Bucketing in Hive: Create Bucketed Table in Hive

Updated on 26 October, 2022

9.34K+ views
11 min read

Working with a big dataset can be challenging. There’s a lot to keep track of and one small error can disturb your entire workflow. One of the most prominent tools for managing large datasets is bucketing. 

This article will tell you about how you can perform bucketing in Hive. We’ll explore multiple implementations of this function through examples.

What is Bucketing in Hive?

Bucketing is a data organization technique. While partitioning and bucketing in Hive are quite similar concepts, bucketing offers the additional functionality of dividing large datasets into smaller and more manageable sets called buckets. 

With bucketing in Hive, you can decompose a table data set into smaller parts, making them easier to handle. Bucketing allows you to group similar data types and write them to one single file, which enhances your performance while joining tables or reading data. This is a big reason why we use bucketing with partitioning most of the time. 

When Do We Use Bucketing? 

Bucketing is a very useful functionality.
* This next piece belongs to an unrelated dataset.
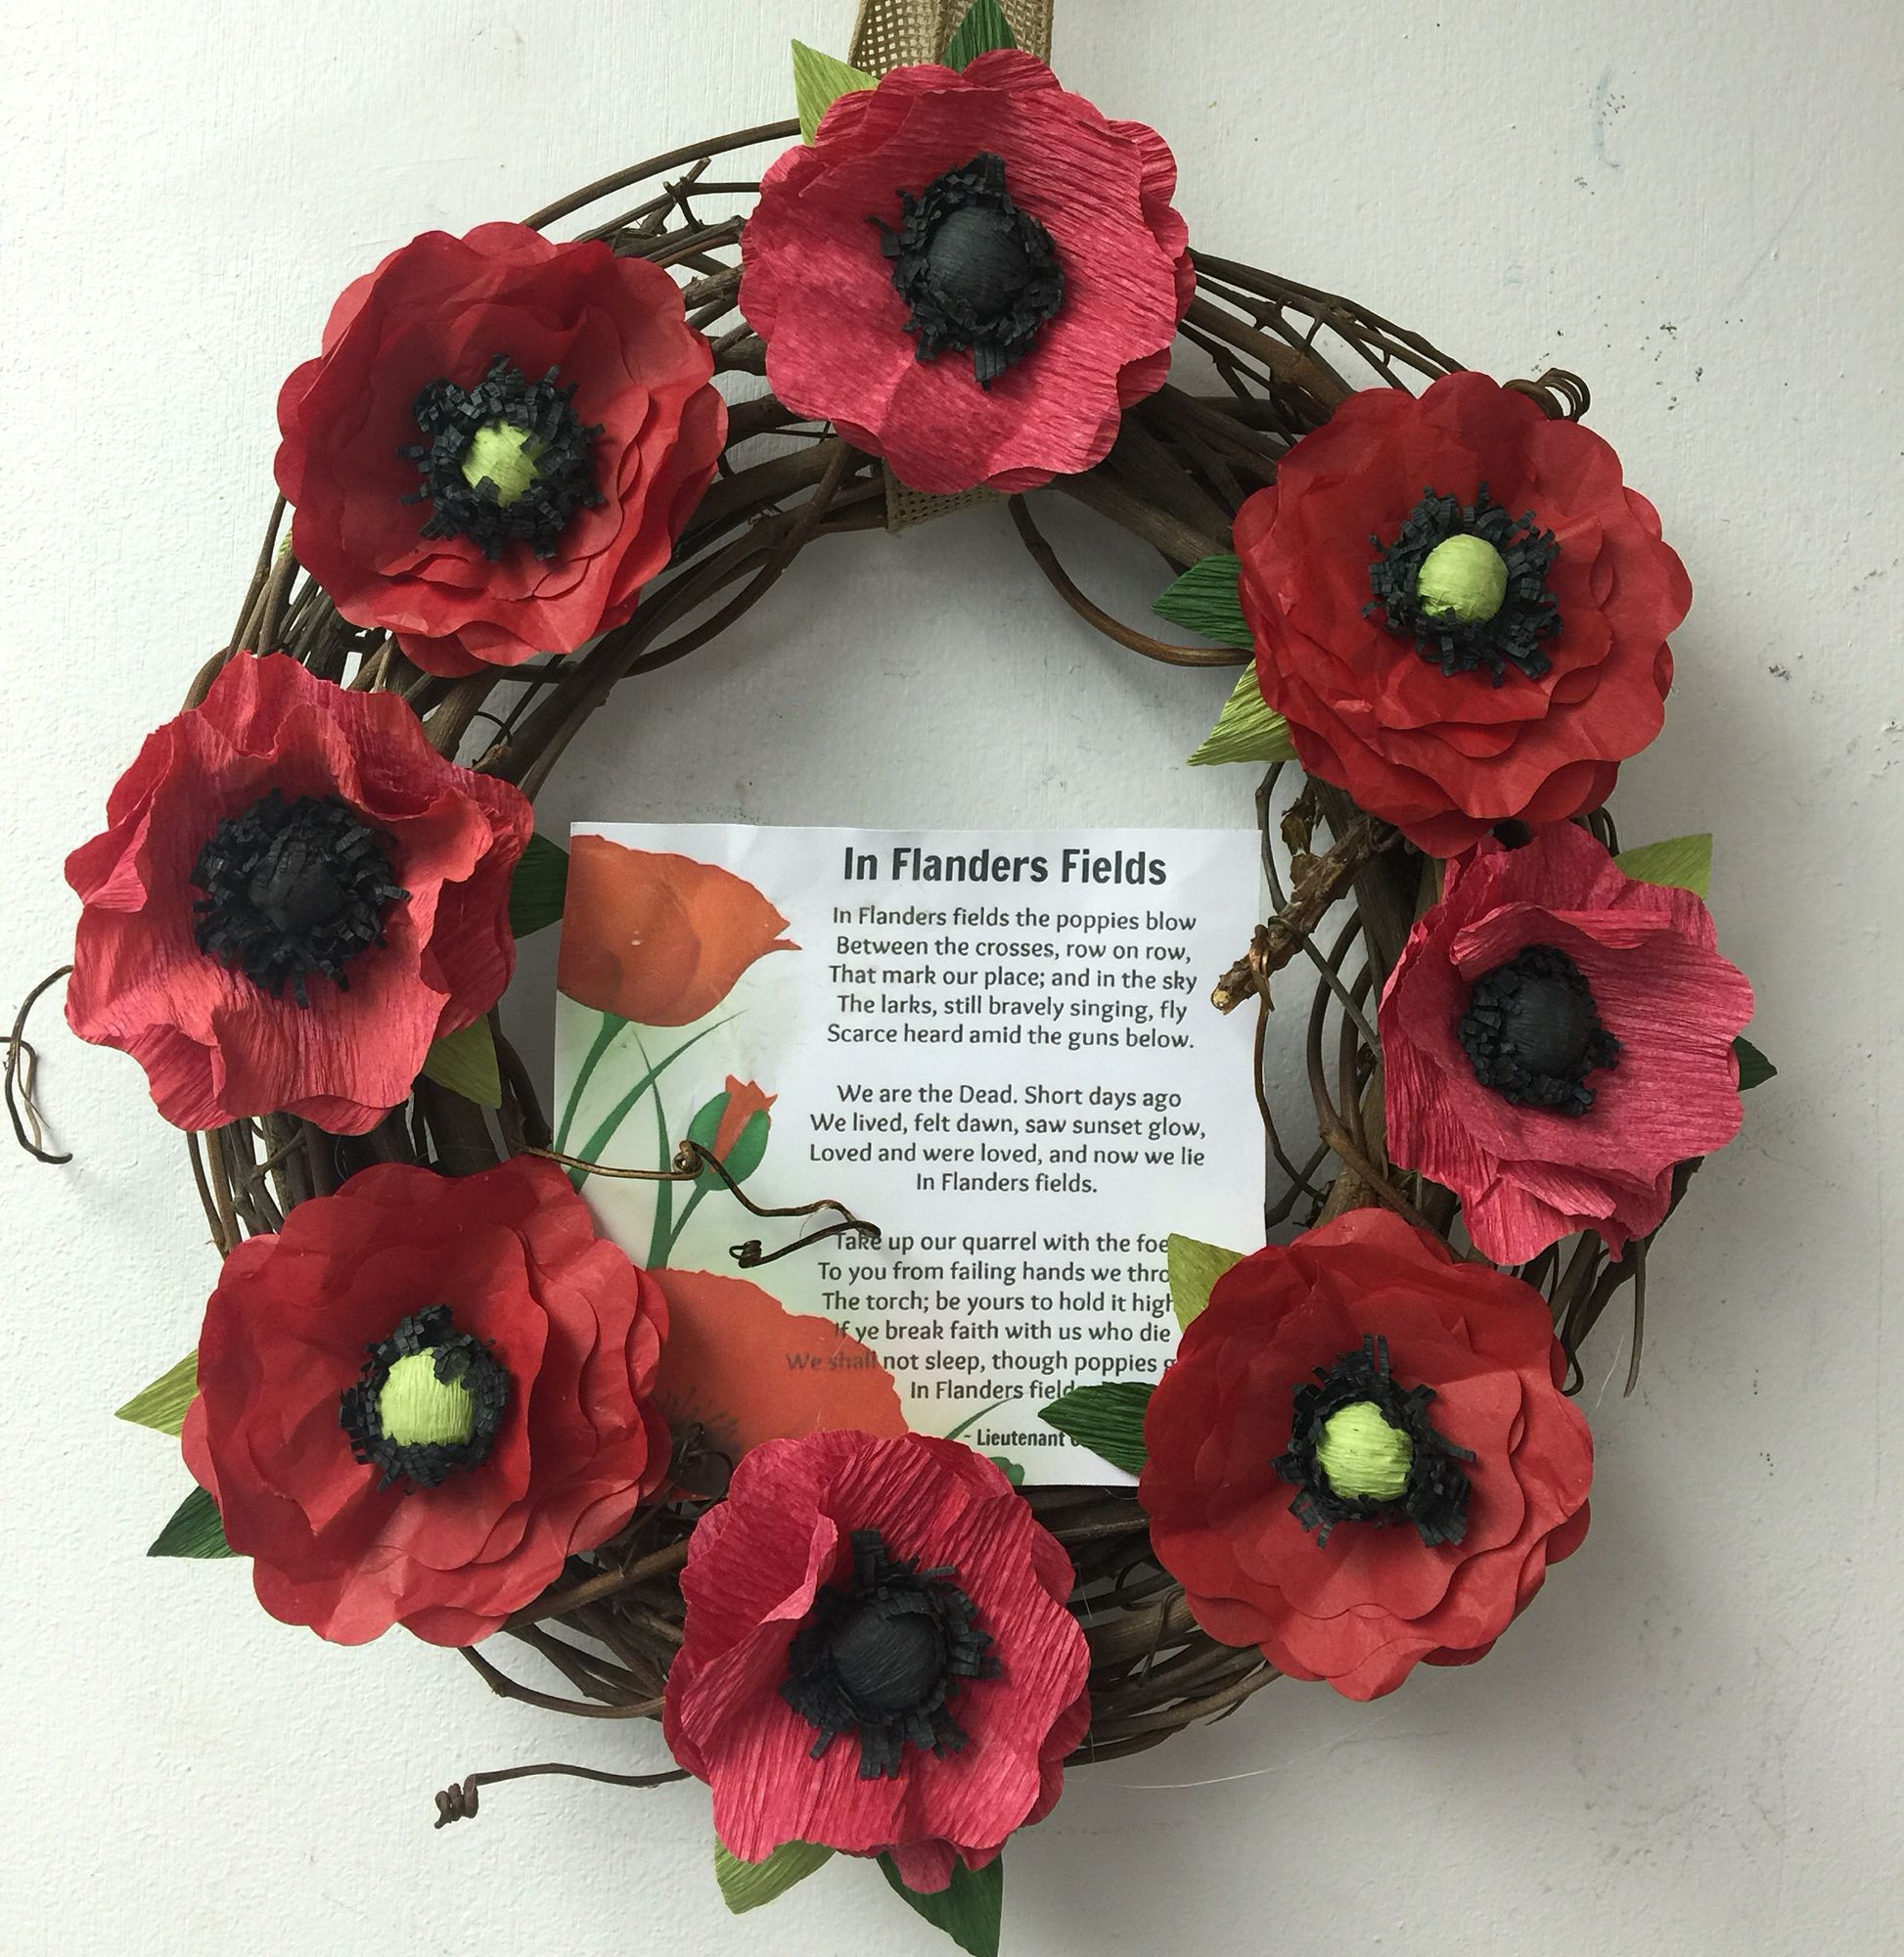 Poppy wreath veterans day wreath sizzix eileen hull die cut crepe poppy wreath veterans day wreath sizzix eileen hull die cut crepe paper mightylinksfo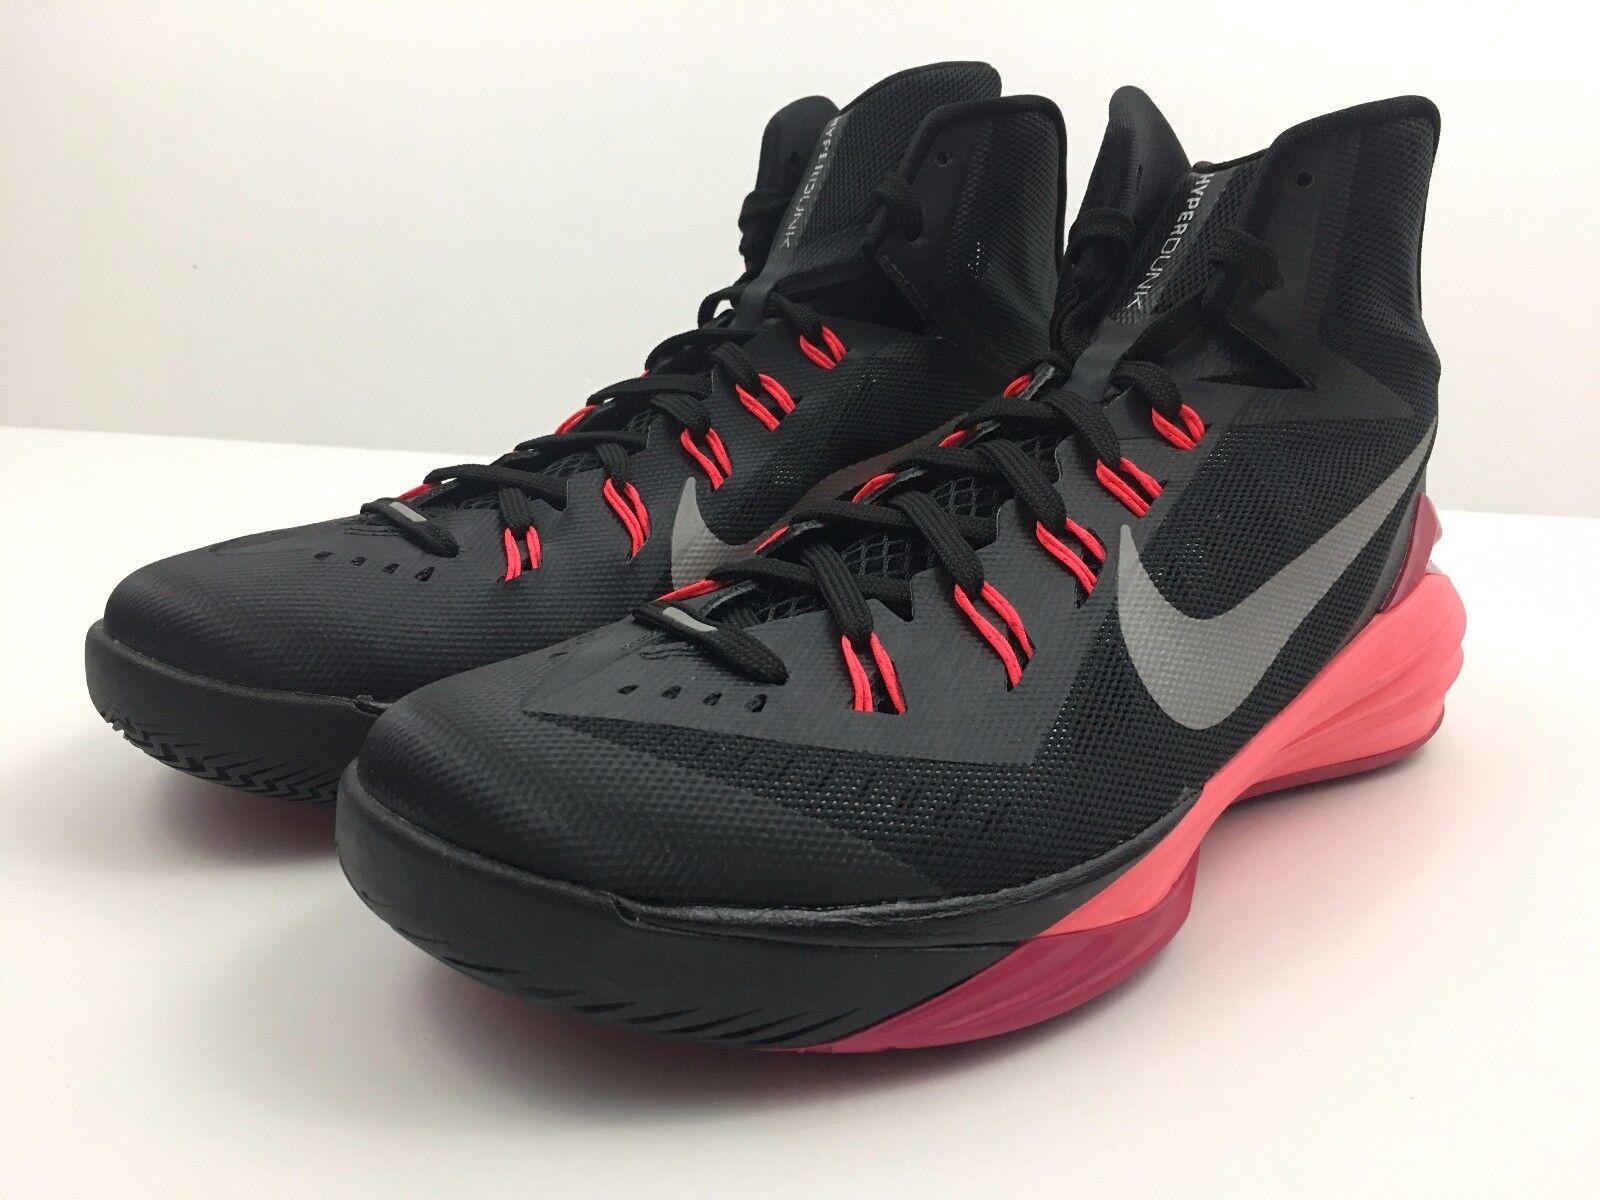 7b8a076e42e ... best price new zealand nike punch hyperdunk 2014 black 653640 006 punch nike  basketball shoes mens

If you haven’t used it before, you should keep the following points in mind to determine when to use this function:

  • When a column has a high cardinality, we can’t perform partitioning on it. A very high number of partitions will generate too many Hadoop files which would increase the load on the node. That’s because the node will have to keep the metadata of every partition, and that would affect the performance of that node.
  • You should use bucketing if your queries have several map-side joins. A map-side join is a process where you join two tables by only using the map function without using the reduce function. 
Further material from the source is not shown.